DATASET EXCERPT →
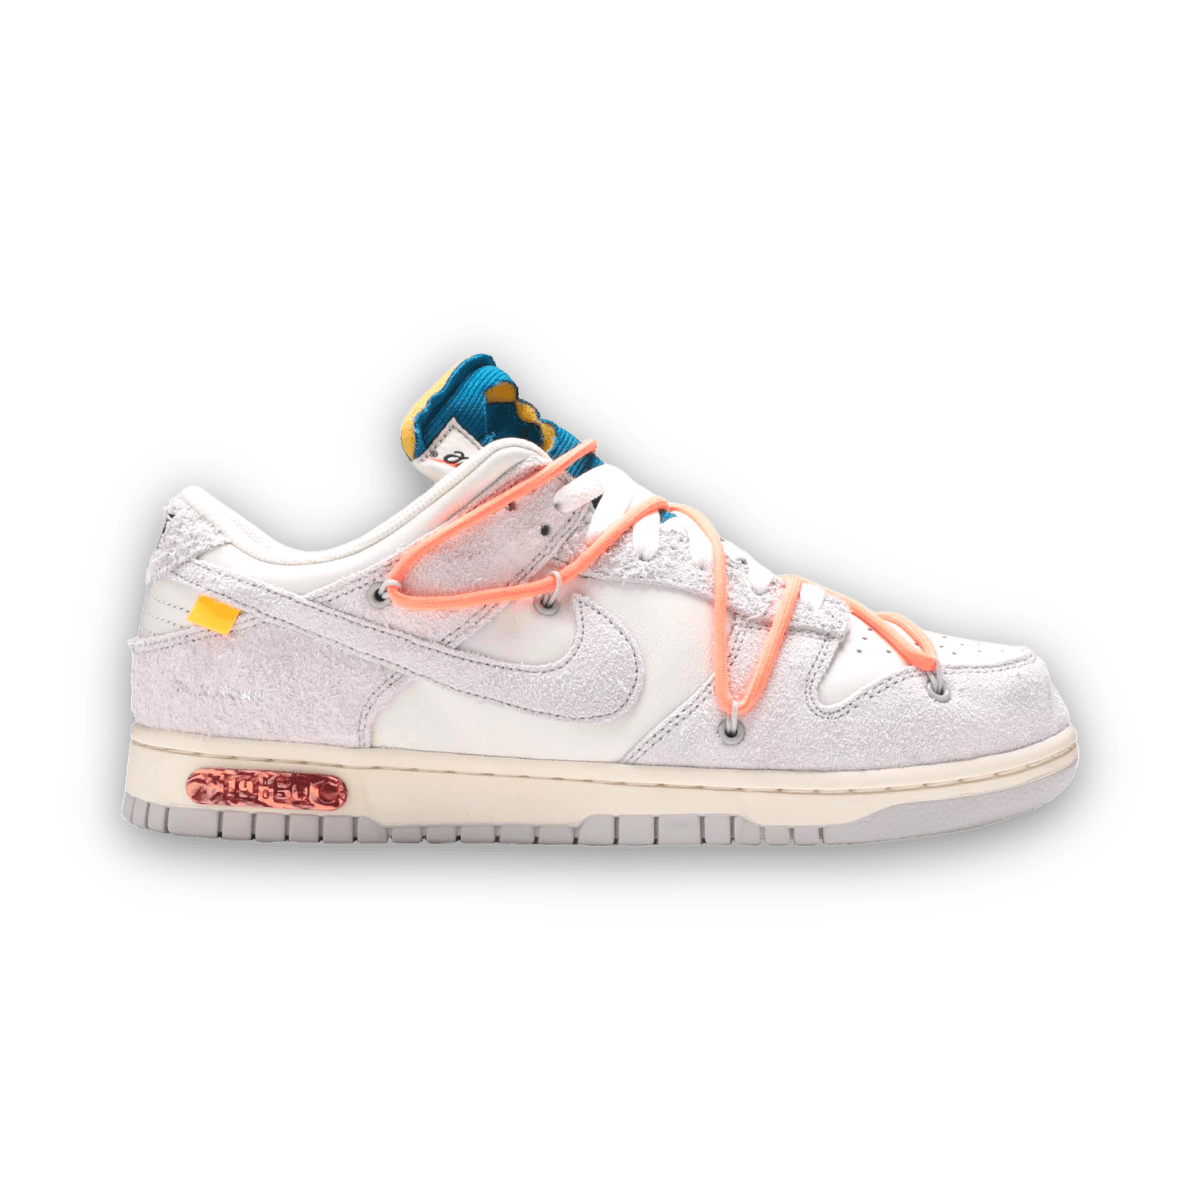 Off-White x Dunk Low 'Lot 19 of 50' - Low Sneaker - Dunks - Jawns on Fire
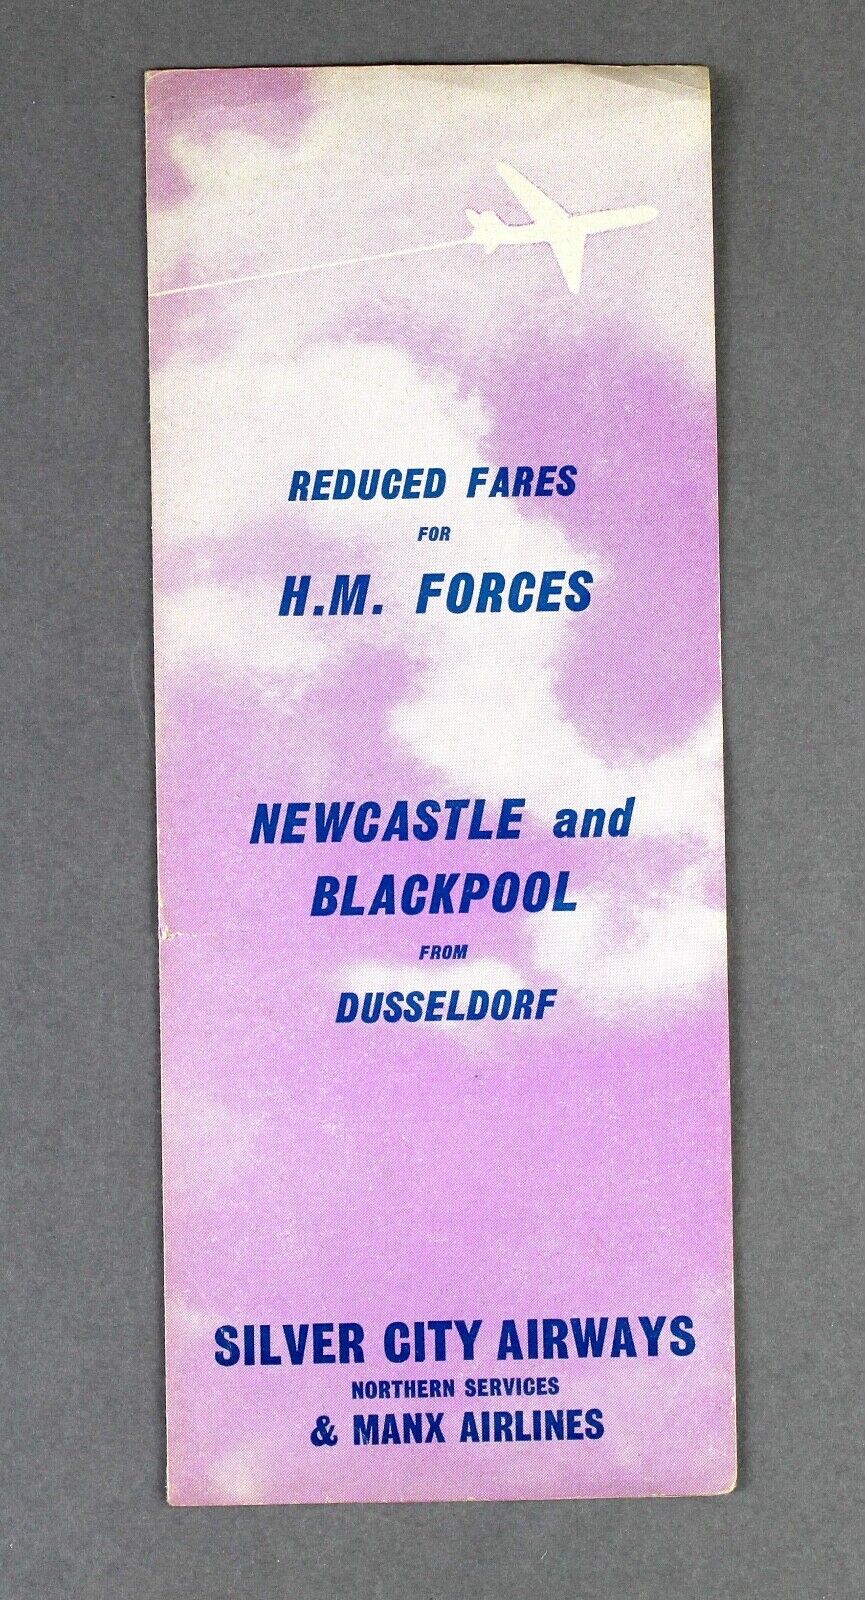 SILVER CITY & MANX AIRLINES TIMETABLE NEWCASTLE BLACKPOOL DUSSELDORF    
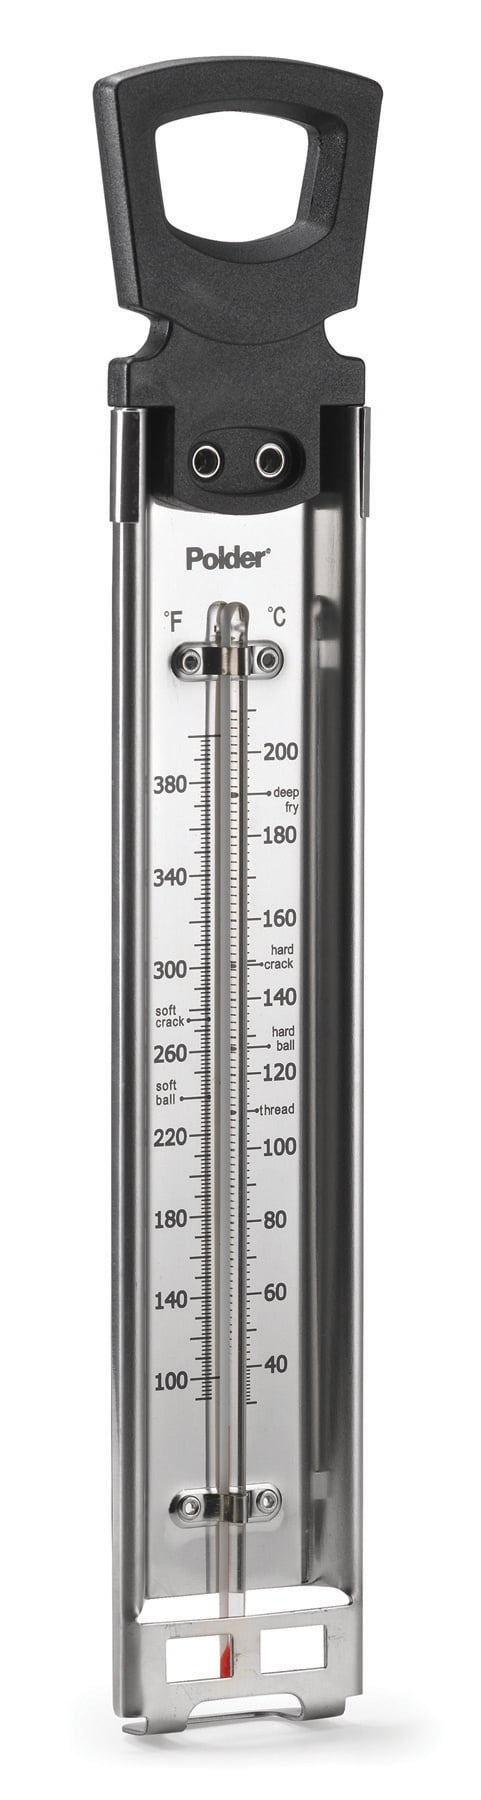 Polder Candy/Jelly/Deep Fry Thermometer Stainless Steel with Pot Clip
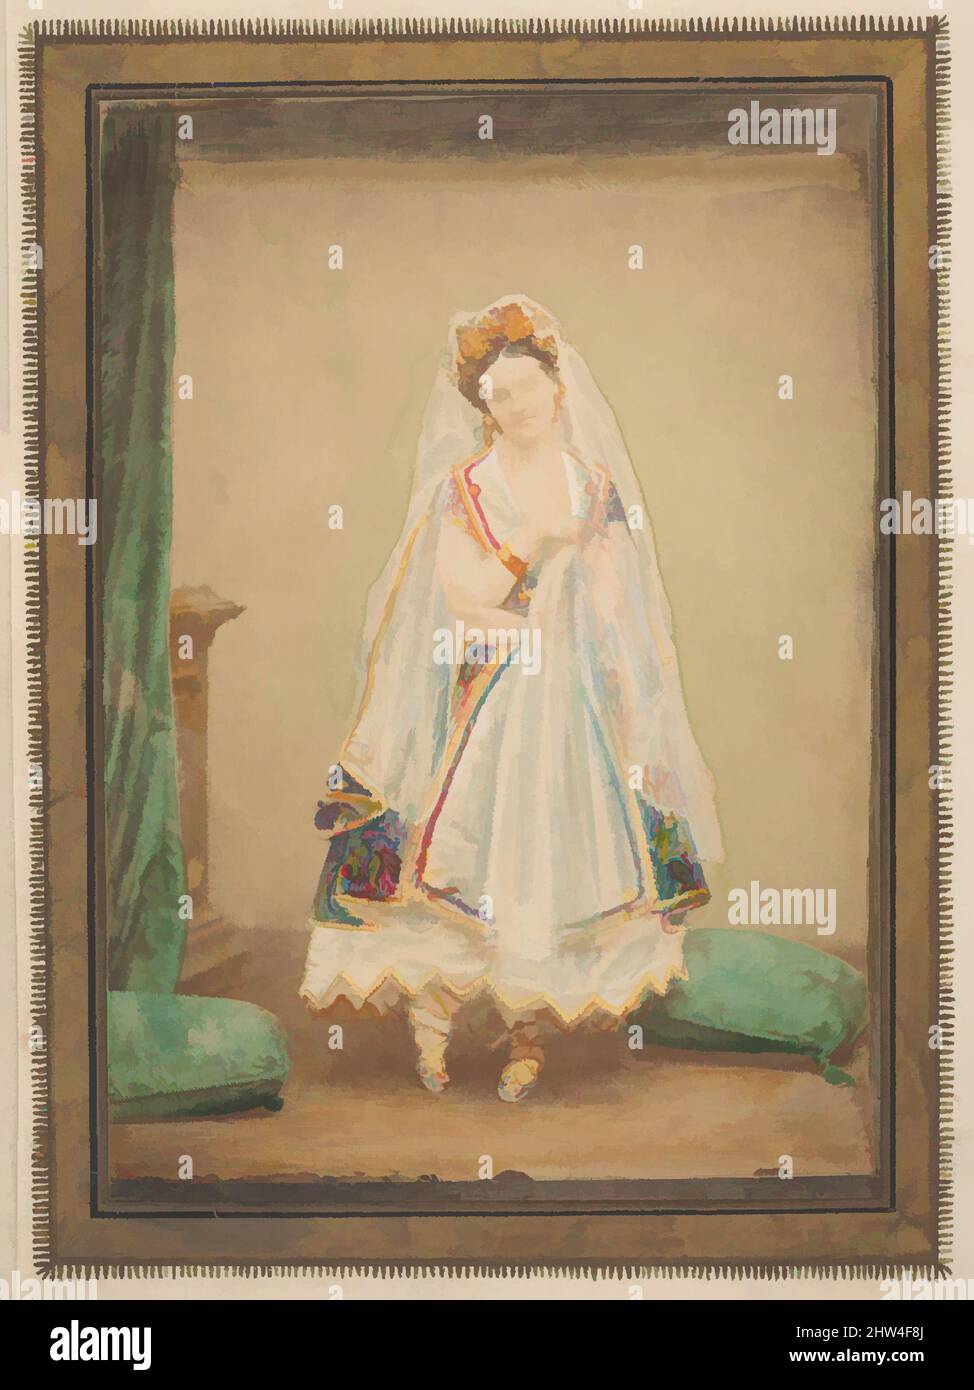 Art inspired by La Comtesse in robe de piqué or as Judith (?), 1860s, Albumen silver print from glass negative with applied color, 12.2 x 8.5 cm (4 13/16 x 3 3/8 in.), Photographs, Pierre-Louis Pierson (French, 1822–1913, Classic works modernized by Artotop with a splash of modernity. Shapes, color and value, eye-catching visual impact on art. Emotions through freedom of artworks in a contemporary way. A timeless message pursuing a wildly creative new direction. Artists turning to the digital medium and creating the Artotop NFT Stock Photo

WORK TO BE COMPLETED →
While leaving pictures out, reproduce exactly the lines from the beginning of the listing above through the line containing "Polder Candy/Jelly/Deep Fry", both ends included.

REPLY →
 Off-White x Dunk Low 'Lot 19 of 50' - Low Sneaker - Dunks - Jawns on Fire
 SILVER CITY & MANX AIRLINES TIMETABLE NEWCASTLE BLACKPOOL DUSSELDORF    
 Polder Candy/Jelly/Deep Fry Thermometer Stainless Steel with Pot Clip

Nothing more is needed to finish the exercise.